15c2-11: Going Public by 15c2-11
Filing a Form 15c2-11 to Receive a Trading Symbol
A Company can go public by the submission of a 15c2-11 application to FINRA once it has established a free-trading, non-affiliated shareholder base consisting of approximately 35 shareholders or more.
The private Company going public establishes a relationship with a Market Maker who is a FINRA member. The Market Maker then submits a 15c2-11 application to FINRA so that the Company may receive a trading symbol and subsequently the Market Maker can quote their securities on the open market. Upon receipt of the trading symbol and clearance of the 15c2-11 application, the Company’s shares can then trade on the Over the Counter Pink Sheets market.
Market Makers and FINRA
The 15c2-11 application that is filed with FINRA by the Market Maker provides current information on the Company going public, as set forth in SEC Rule 15c2-11. This current information includes the Company’s unaudited financial statements. Once FINRA is satisfied that the Company’s disclosures satisfy SEC Rule 15c2-11, a trading symbol will be assigned and the Market Maker can quote the Company’s securities.
Once the Market Maker has continuously quoted the Company’s securities for 30 days, other market makers become eligible to quote the securities as well without having to file a separate application. The ability for other Market Makers to quote the Company’s shares based on the quote and due diligence of the original Market Maker means that the Company’s stock is piggyback qualified.
Going Public Without a Registration Statement
There are numerous ways that a Company may establish a free-trading shareholder base without filing a Registration Statement. The first, and most common, is through a private placement of its securities followed by a one year holding period. Following the one year holding period, the securities become free trading in accordance with Rule 144 of the Securities Act of 1933.

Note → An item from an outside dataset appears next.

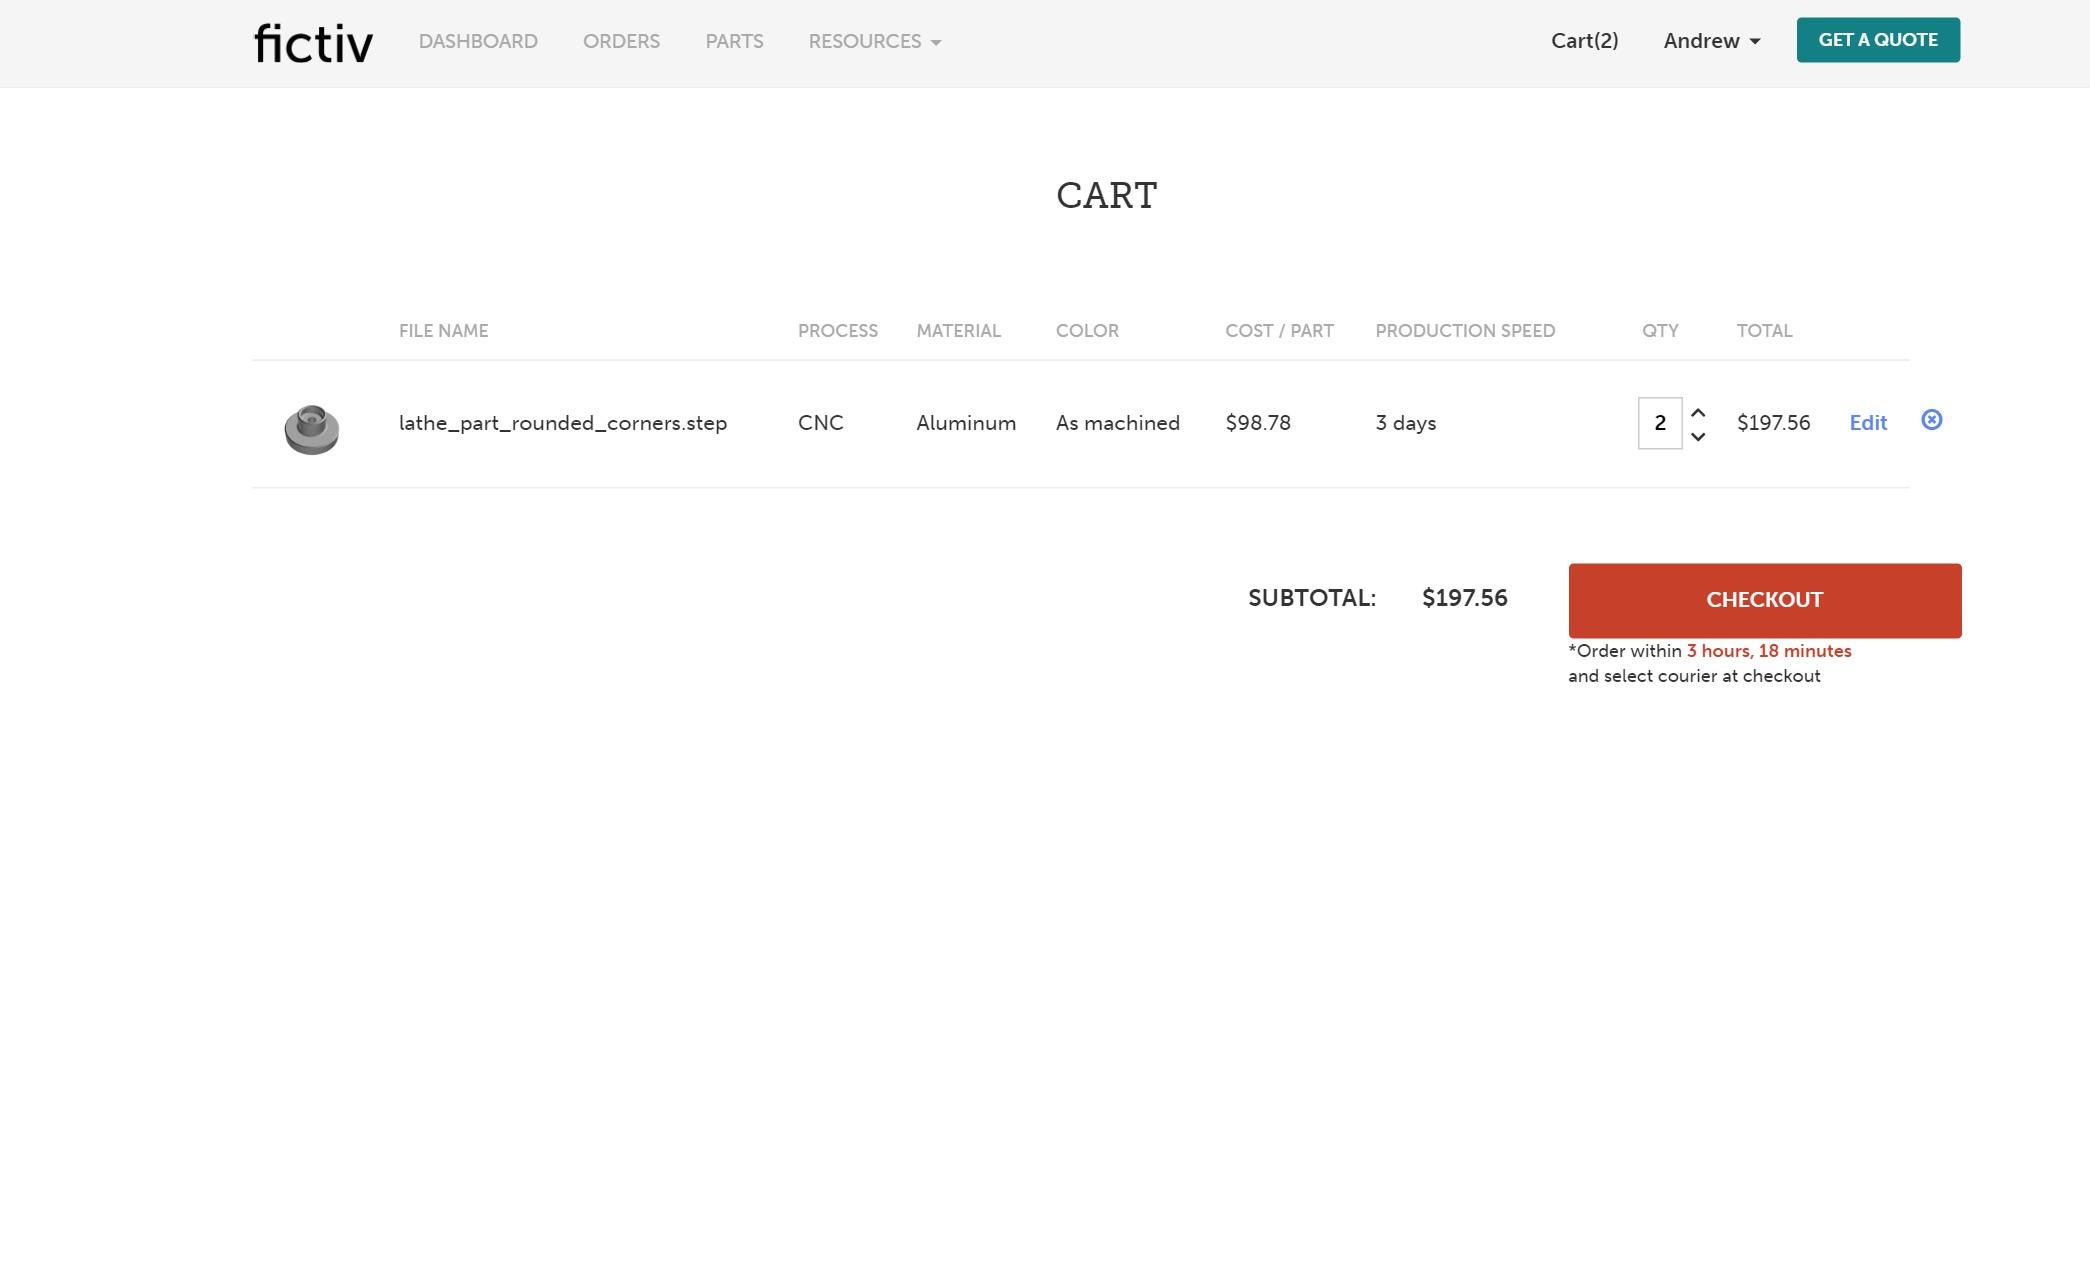 fictiv platform cart page

Companies may also go public by completing a registered state offering under Regulation D, Rule 504; completing a Regulation A offering; or completing an intrastate offering under Rule 3(a)(11) followed by a nine month holding period.
Going Public and Rule 144
Shareholders of companies that go public via the filing of a 15c2-11 rely on the use of Rule 144 to sell their shares. Rule 144 is not available for shell companies or entities that were ever shell companies, accordingly, such companies would not be eligible to go public by the filing of a Form 15c2-11. In terms of reverse mergers and going public, this condition is known as the Evergreen Requirement.

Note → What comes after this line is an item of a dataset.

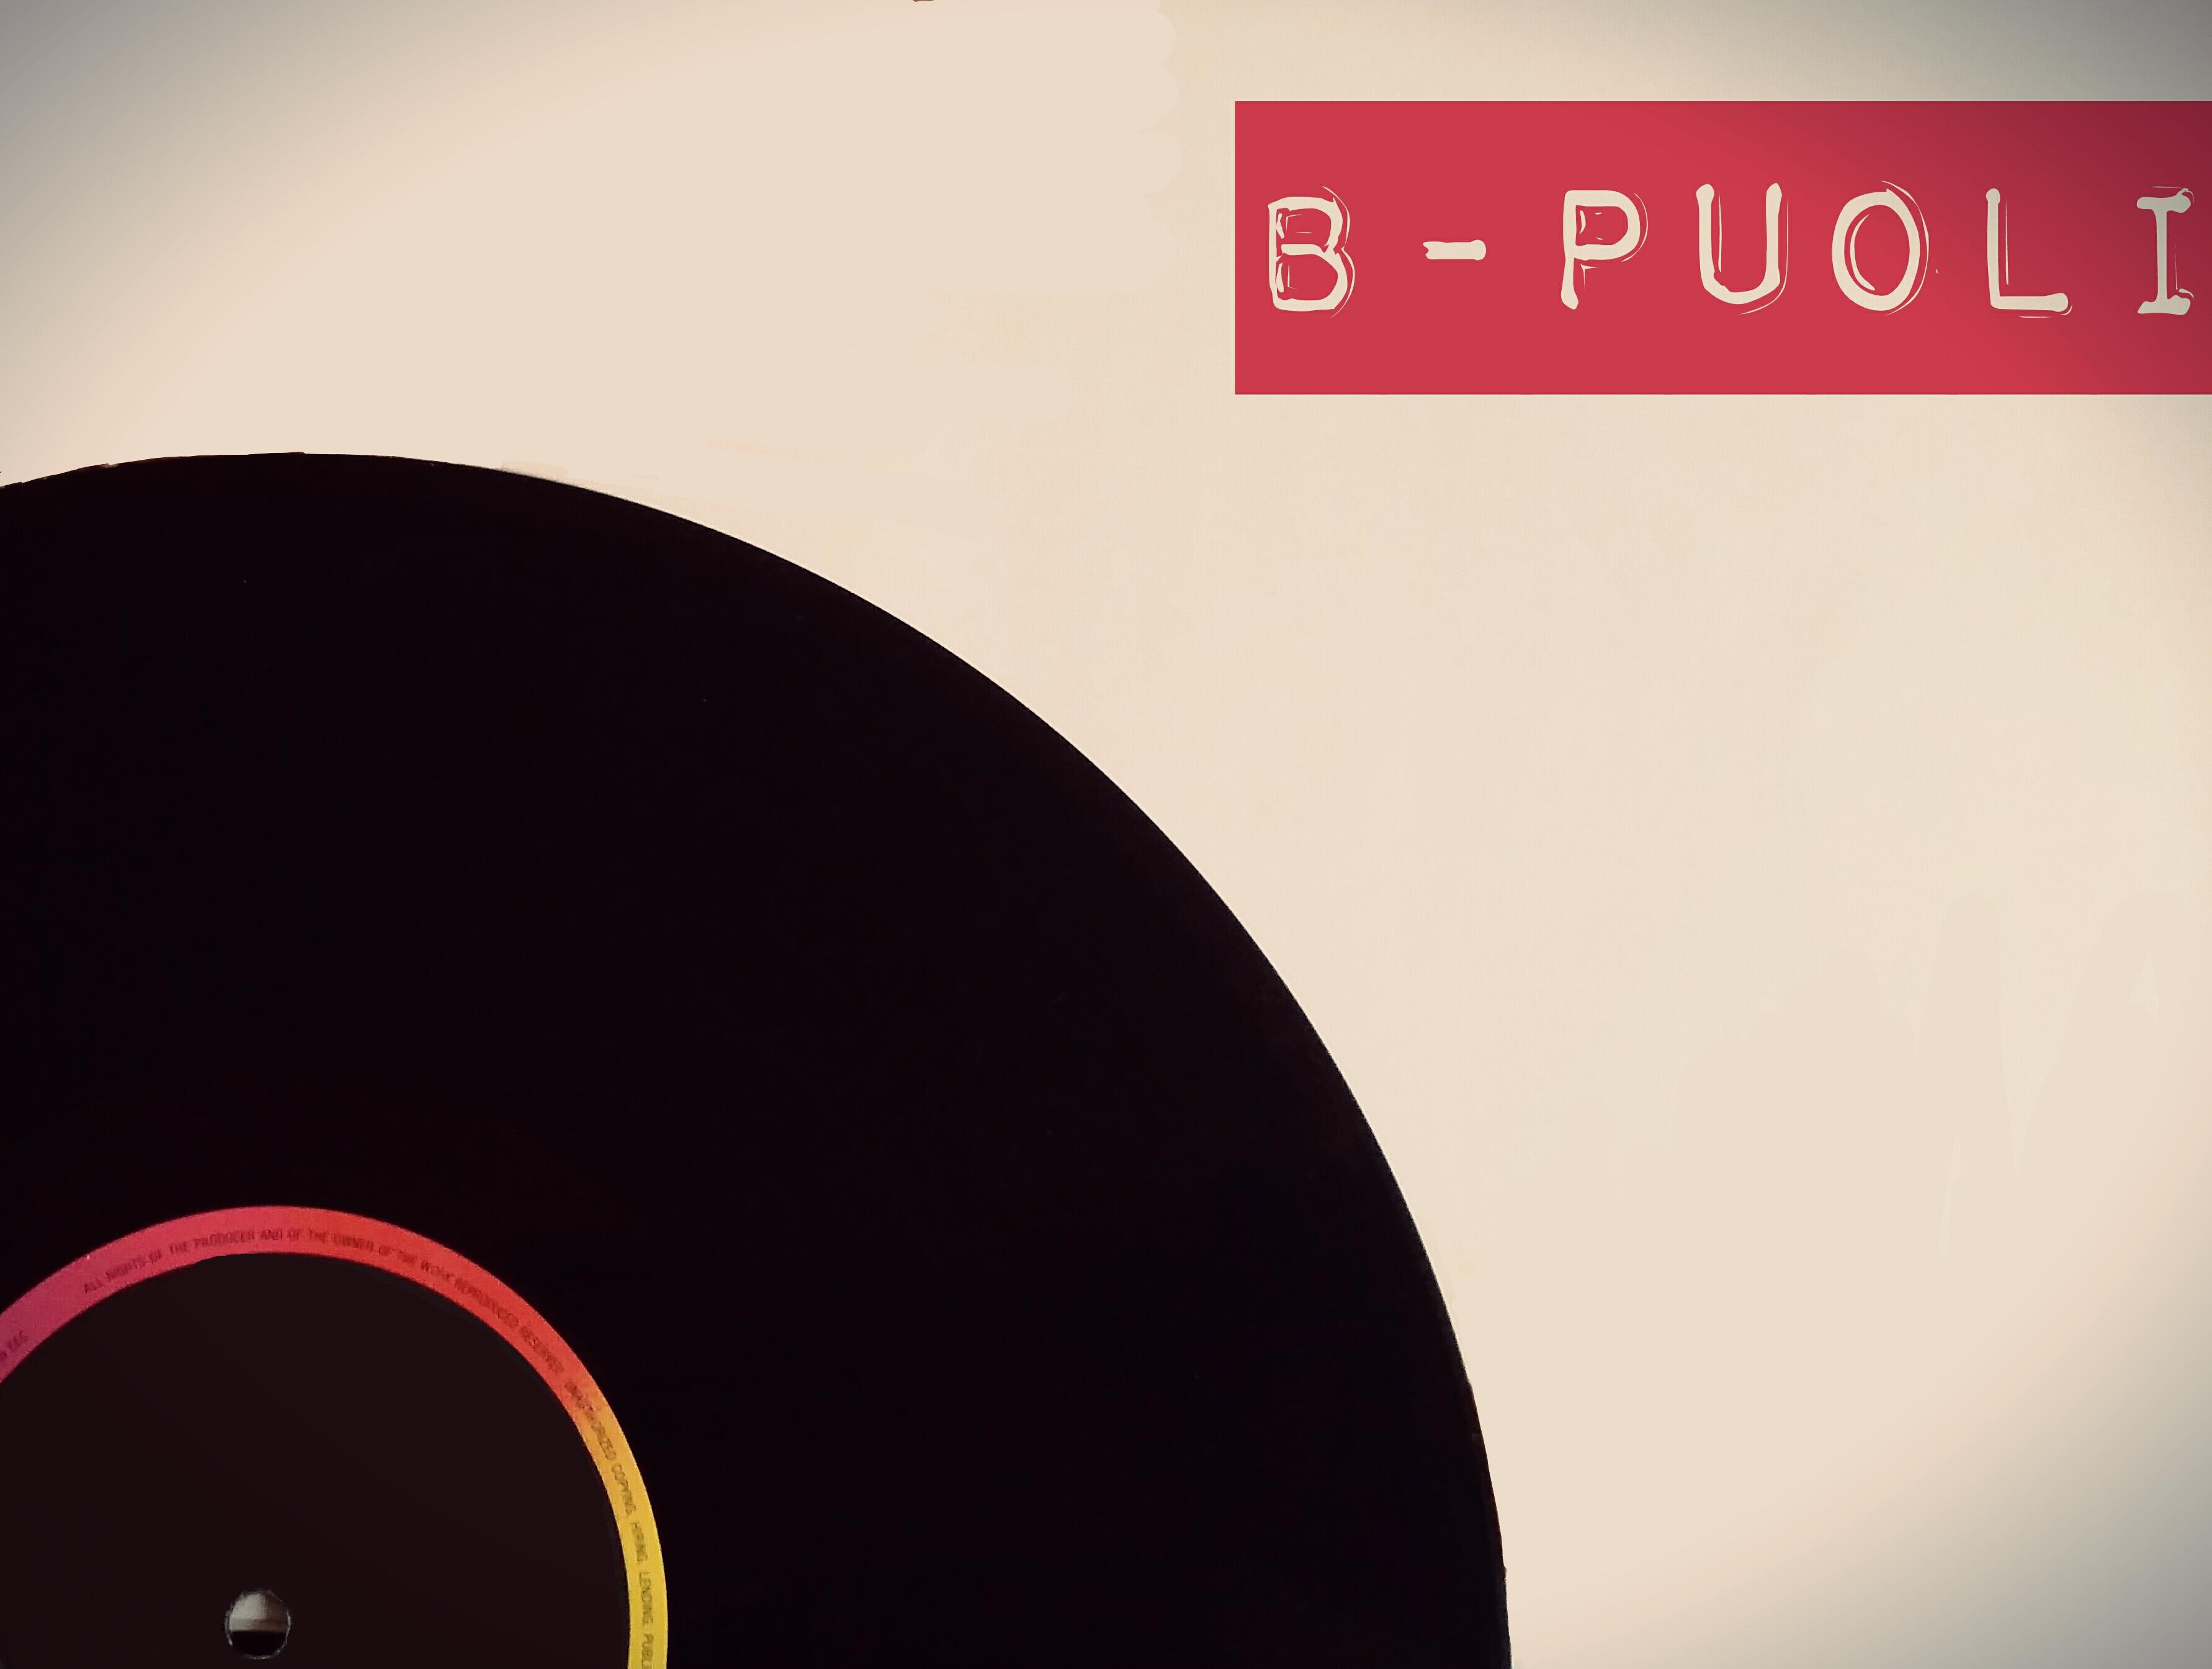 B-puoli

Rule 144 requires that current public information be available before an affiliate of an entity can sell securities. The Pink Sheets new service allows companies to file and maintain current public information that complies with this rule and therefore meets the standard necessary under Rule 144. Entities that quote on the Pink Sheets are encouraged to utilize this service and maintain such current public information for many reasons, including, so that its affiliates may sell securities.

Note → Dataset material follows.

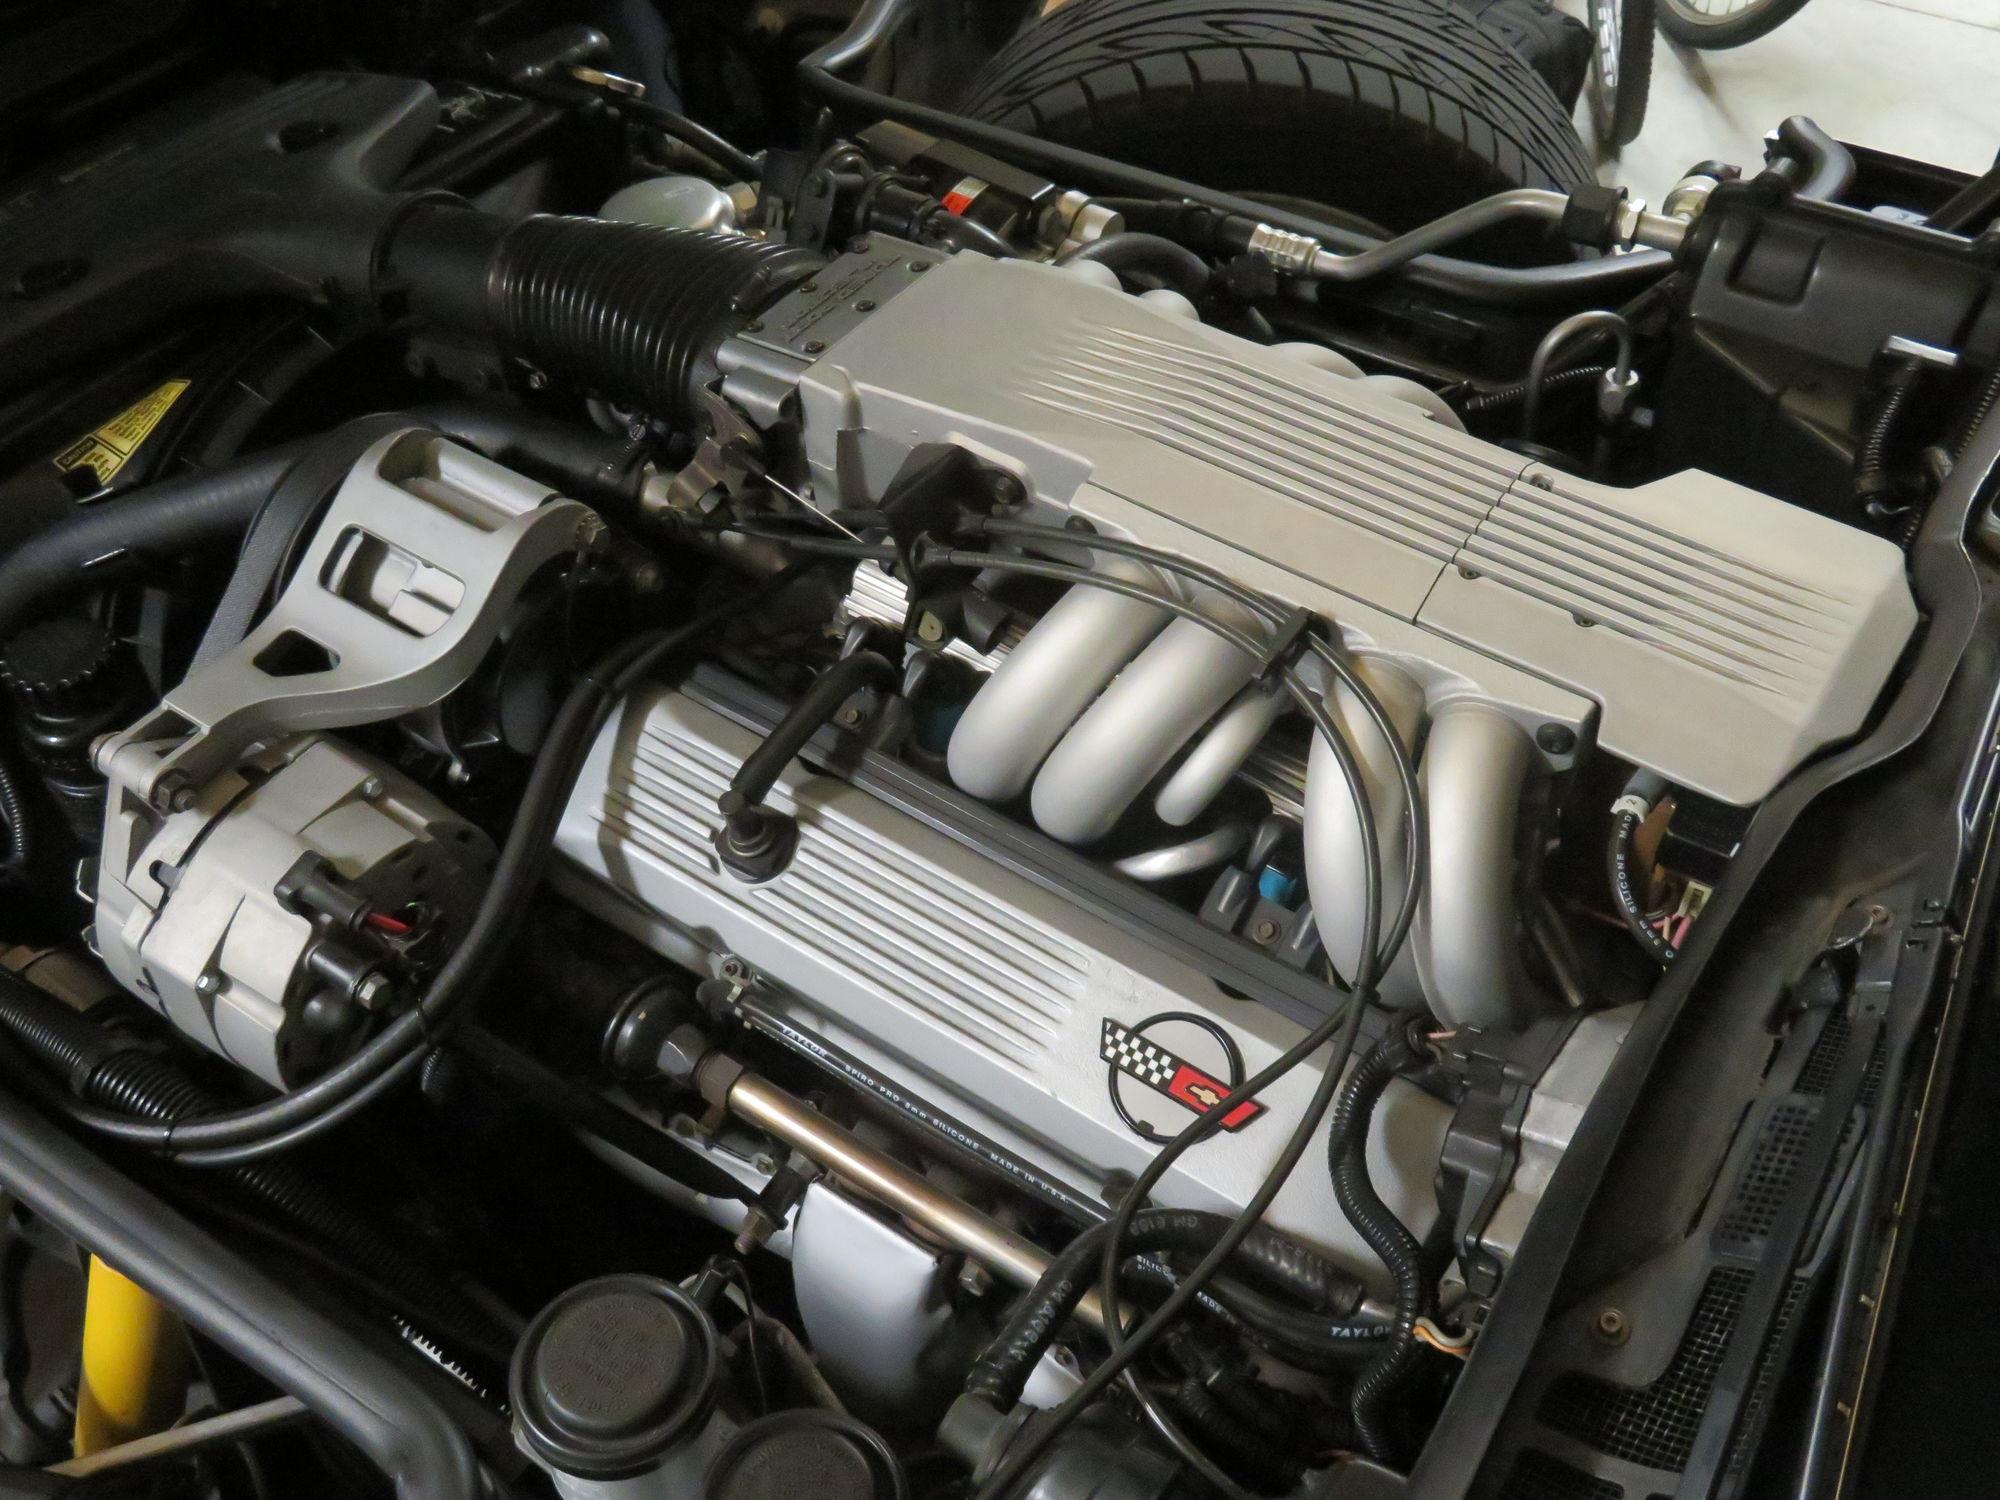 85 Spark plug wire routing - CorvetteForum - Chevrolet Corvette ...

Going Public, Rule 15c2-11 and FINRA
SEC Rule 15c2-11 ensures that current public information be made available to investors, hence Company’s going public must provide such information to a Market Maker who then files the 15c2-11 application with FINRA. The Over the Counter or OTC PinkSheets does not require that a Company file or maintain reports with the Securities and Exchange Commission. However, the Over the Counter Bulletin Board or OTCBB does require such reporting.